RECORDED DATA =>
========

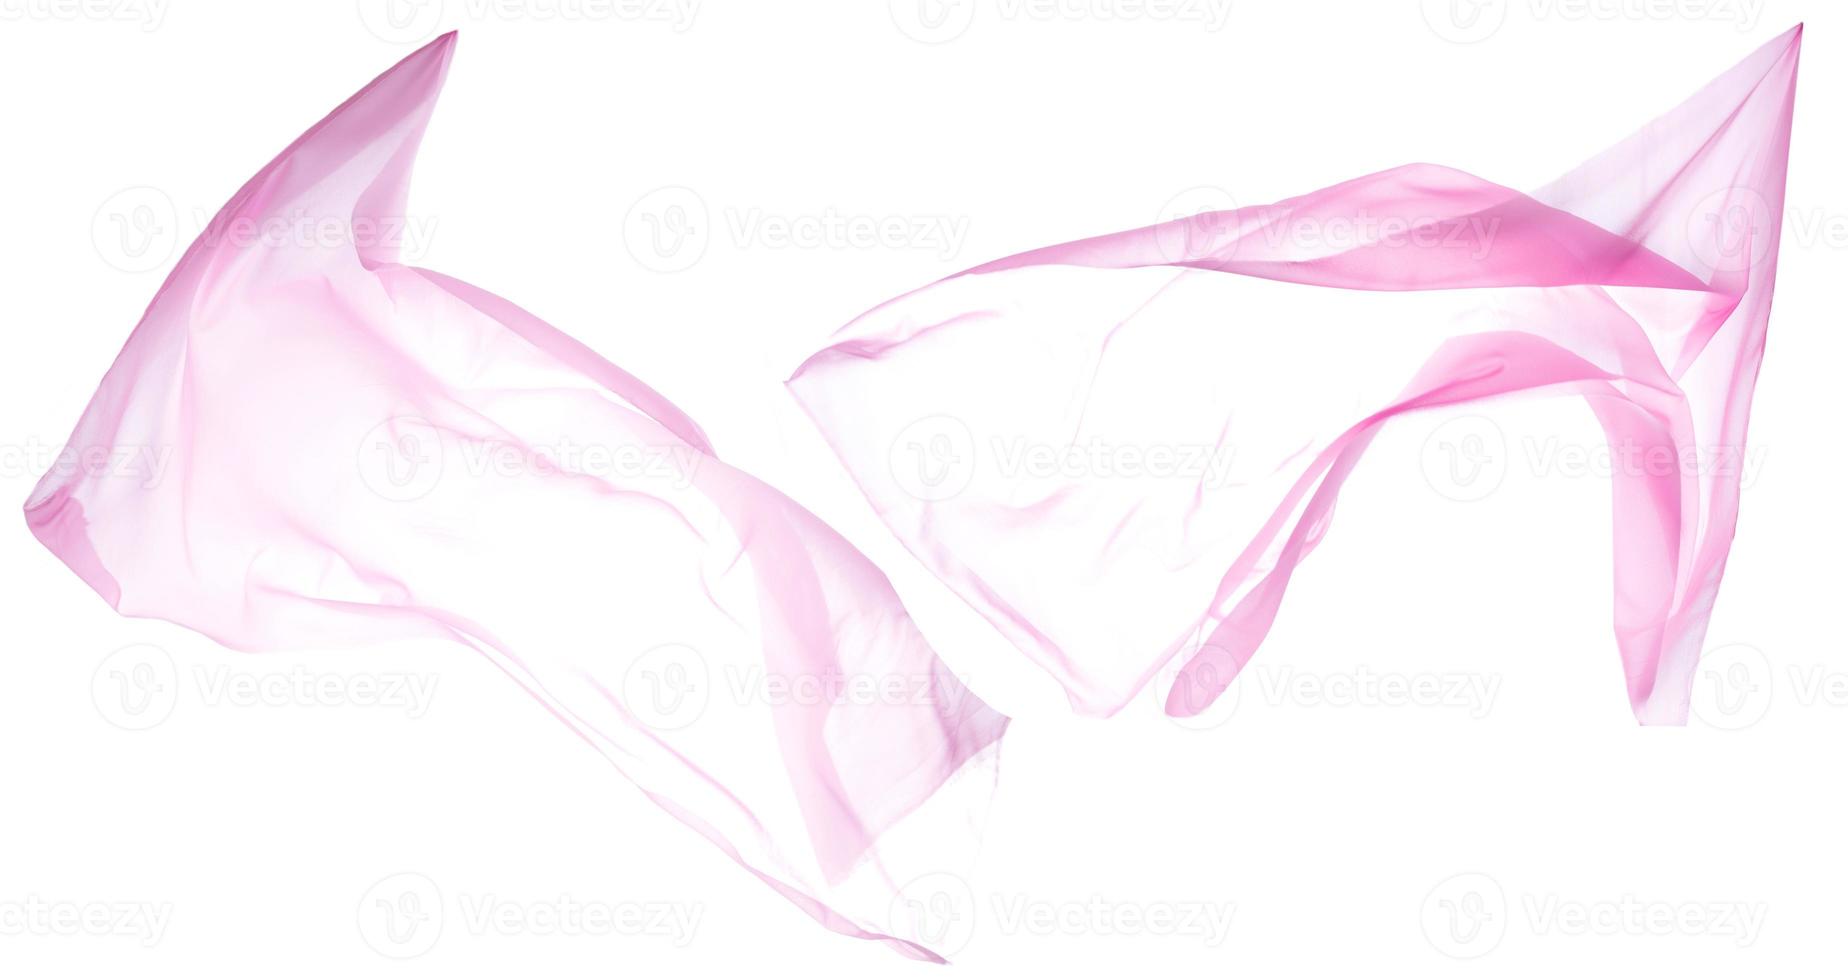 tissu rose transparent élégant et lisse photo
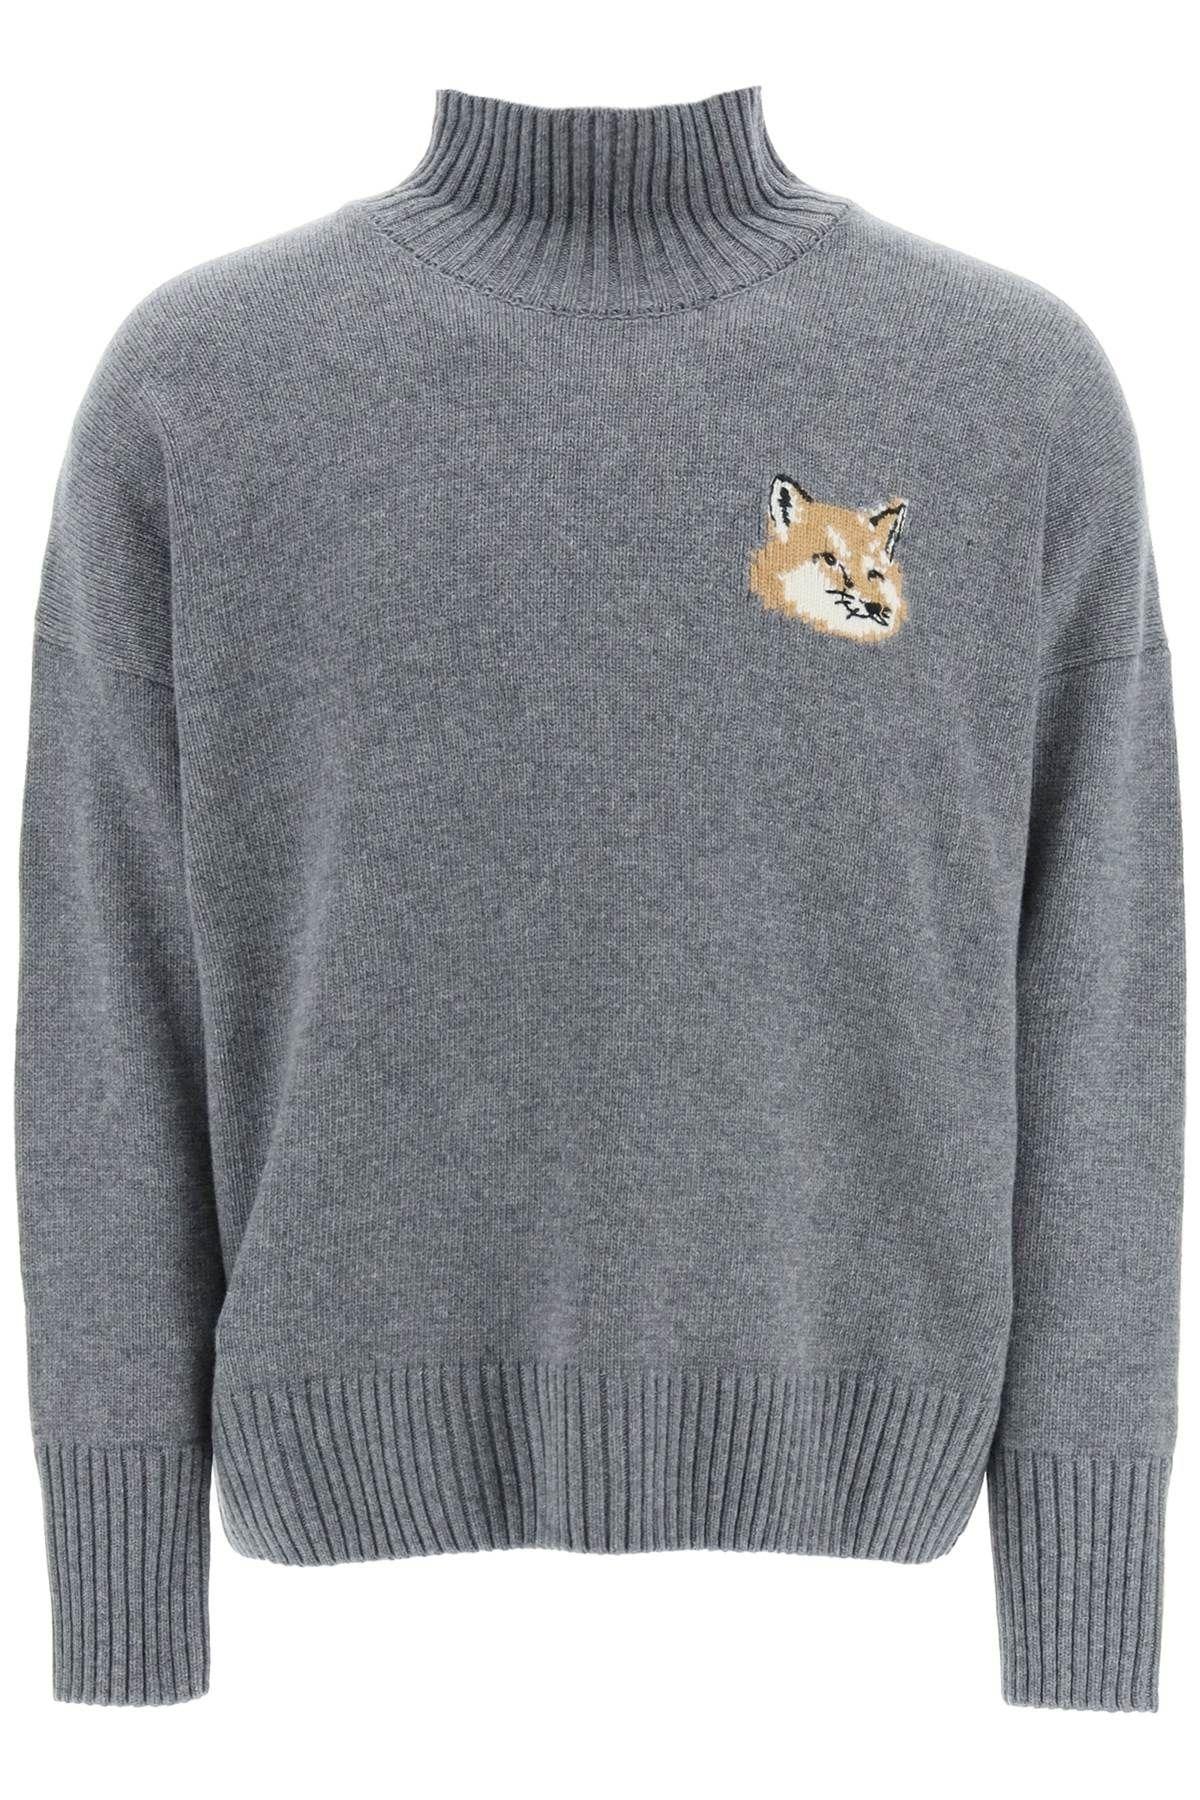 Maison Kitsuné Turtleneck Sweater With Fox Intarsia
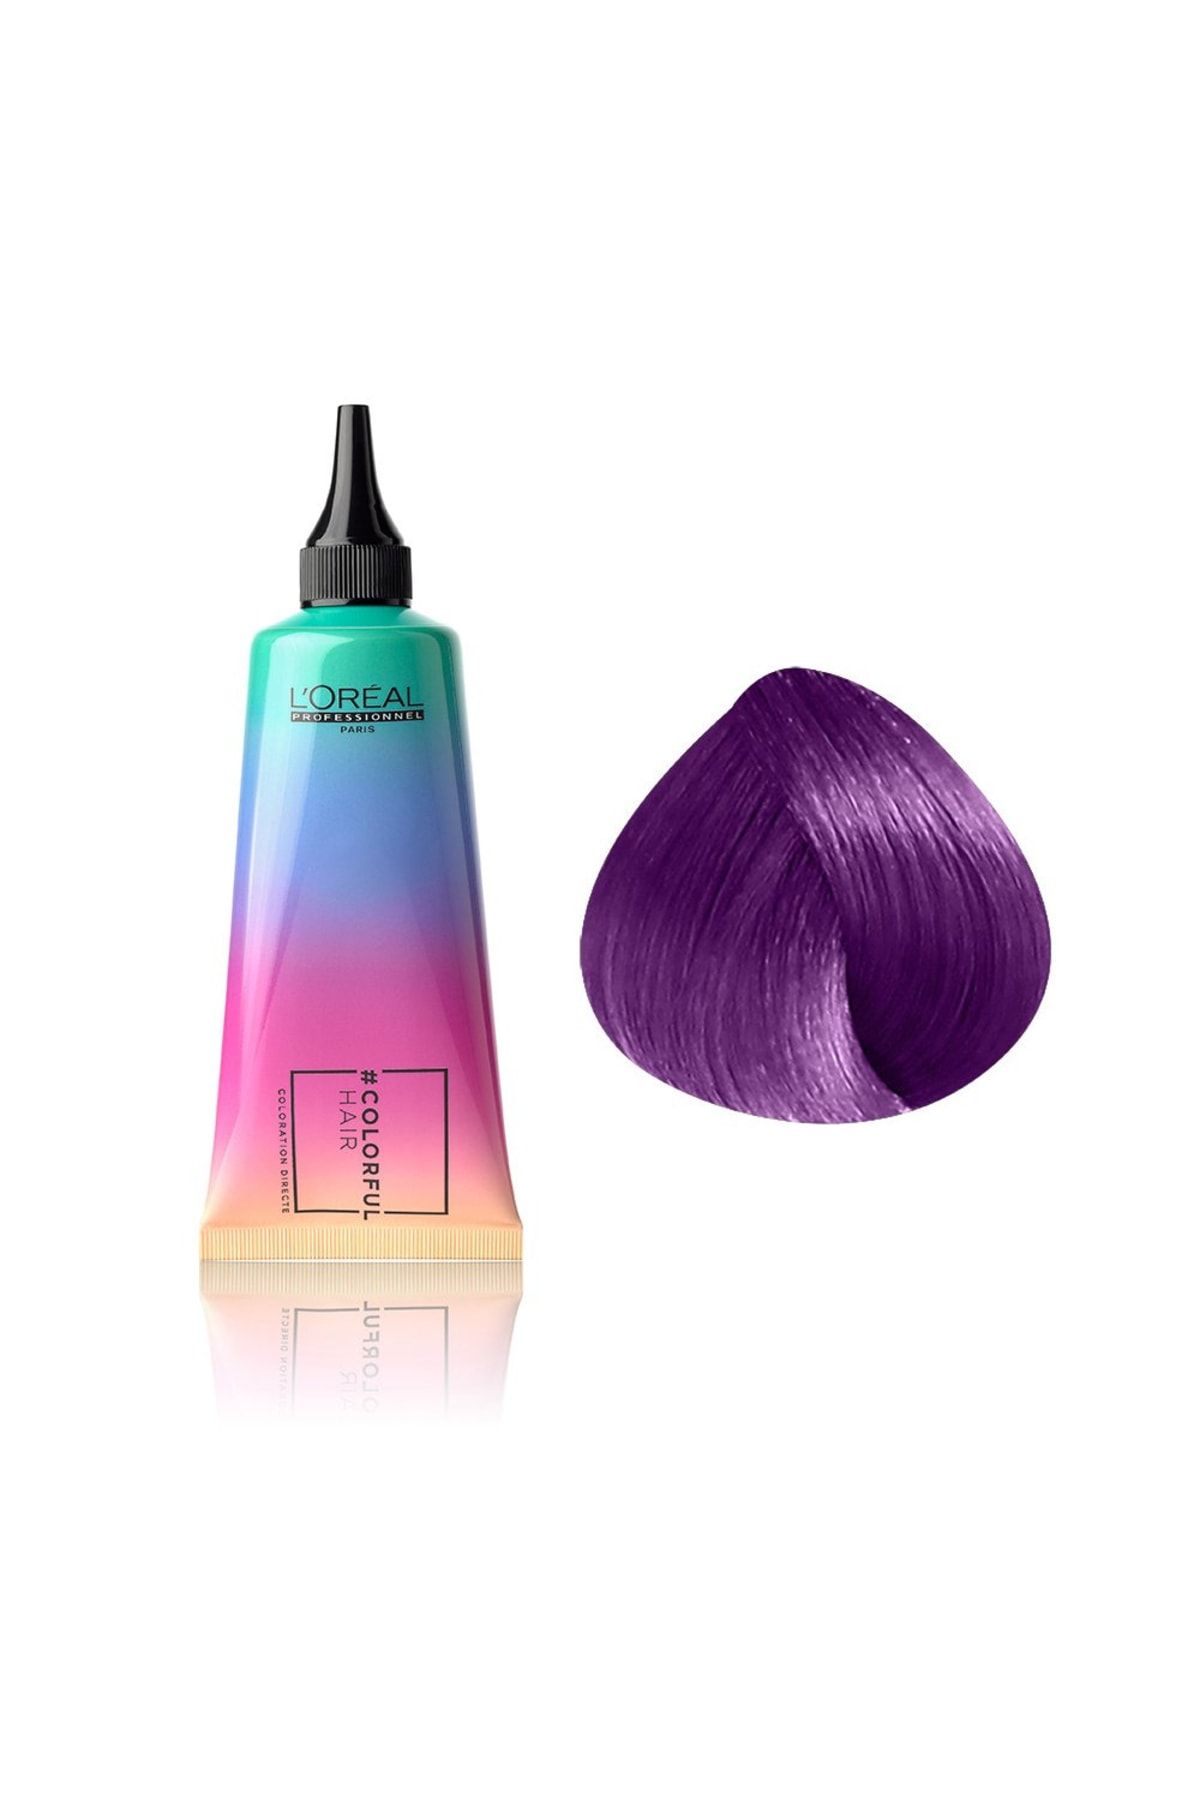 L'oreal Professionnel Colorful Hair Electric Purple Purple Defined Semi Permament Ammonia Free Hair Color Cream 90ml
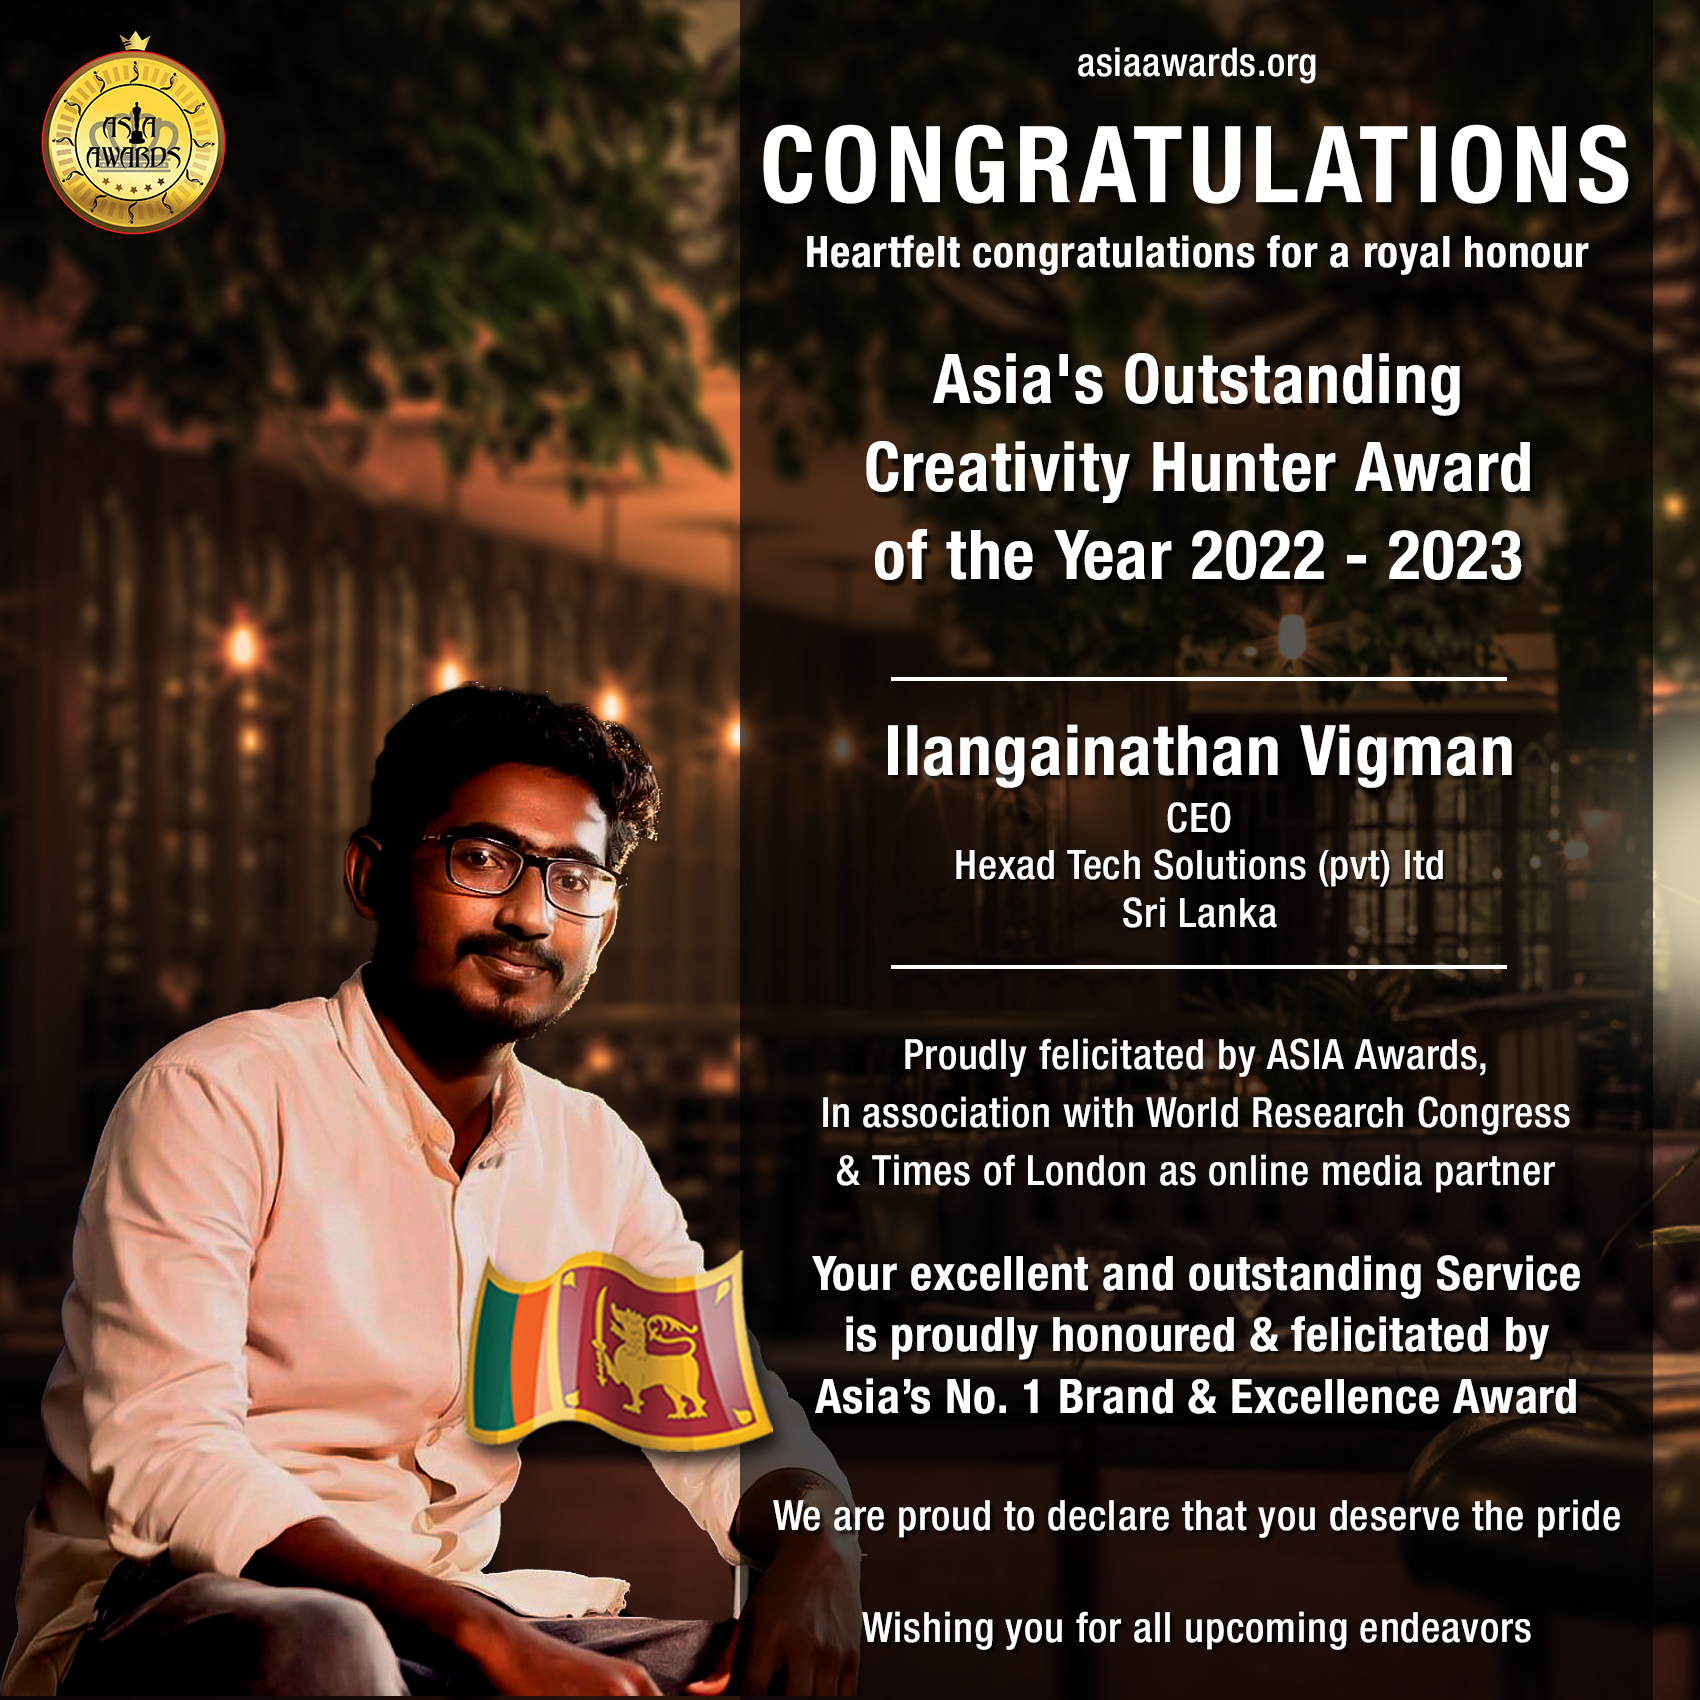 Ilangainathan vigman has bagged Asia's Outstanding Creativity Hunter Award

========

WHAT THE TASK REQUIRES => Having located the line with "Maison Kitsuné Turtleneck", copy it exactly along with every later line through the end of the listing above, but omit the pictures.

SOLUTION TO THIS PROBLEM =>
 Maison Kitsuné Turtleneck Sweater With Fox Intarsia
 L'oreal Professionnel Colorful Hair Electric Purple Purple Defined Semi Permament Ammonia Free Hair Color Cream 90ml
 Ilangainathan vigman has bagged Asia's Outstanding Creativity Hunter Award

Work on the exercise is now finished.